14. The method of claim 13, wherein the analysis of the information about the first plurality of actual call flows and the analysis of the information about the second plurality of actual call flows occurs concurrently.

15. A non-transitory computer-readable medium may have stored therein a program, the program configured when executed to:

receive a plurality of actual call flows, each of the plurality of actual call flows associated with a respective communication session, each of the respective communication sessions utilizing a shared baseline script;

analyze the information about the plurality of actual call flows by parsing the information into a plurality of information segments, determining whether each of the information segments is part of the shared baseline script, and, for the information segments determined to be part of the shared baseline script, determining an order and branch of the shared baseline script to which each of the information segments belong; and

recreate, using the analysis, the shared baseline script.

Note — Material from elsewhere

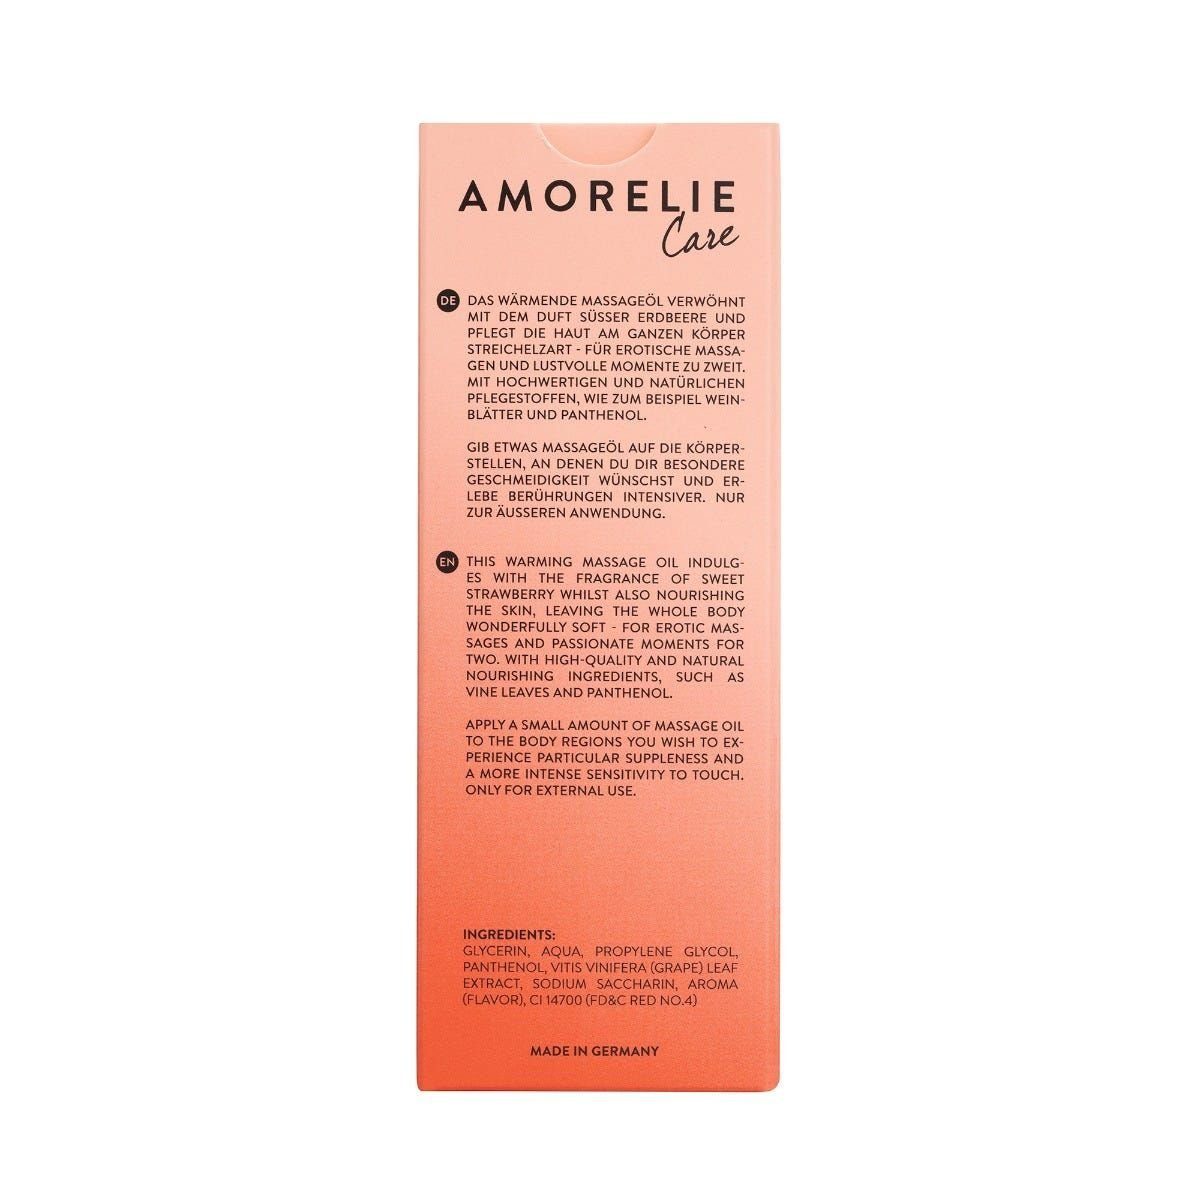 AMORELIE Care Massageöl Wärmendes Massageöl ml, AMC Erdbeere -100 1-tlg., Erdbeere

16. The non-transitory computer-readable medium of claim 15, wherein the plurality of actual call flows comprises an audio recording of each of the plurality of communication sessions.

17. The non-transitory computer-readable medium of claim 16, wherein the program is further configured when executed to transcribe the received audio recordings of each of the plurality of communication sessions and wherein the information comprises a transcription of each audio recording.

18. The non-transitory computer-readable medium of claim 17, wherein the transcription of each audio recording uses a meta-language and wherein the transcription of the received audio recordings using the meta-language requires less data than a full-text transcription.

19. The non-transitory computer-readable medium of claim 15, wherein each of the plurality of actual call flows further comprises metadata and wherein the metadata includes at least one of: a creation date of the audio recording, an identity of a participant of the associated communication session, and a call note made during the associated communication session.

20. The non-transitory computer-readable medium of claim 15, wherein the plurality of actual call flows is a first plurality of actual call flows, wherein the shared baseline script is a first shared baseline script, wherein the program is further configured when executed to:

receive a second plurality of actual call flows, each of the second plurality of actual call flows associated with a respective communication session, each of the respective communication sessions associated with the second plurality of actual call flows utilizing a second shared baseline script;

analyze the information about the second plurality of actual call flows by parsing the information into plurality of information segments, determining whether each information segment is part of the second shared baseline script, and, for information segments determined to be part of the second shared baseline script, determining an order and branch of the second shared baseline script to which each of the information segments belongs;

recreate, based on the analysis of the second plurality of actual call flows, the second shared baseline script; and

wherein the analysis of the information about the first plurality of actual call flows and the analysis of the information about the second plurality of actual call flows occurs concurrently.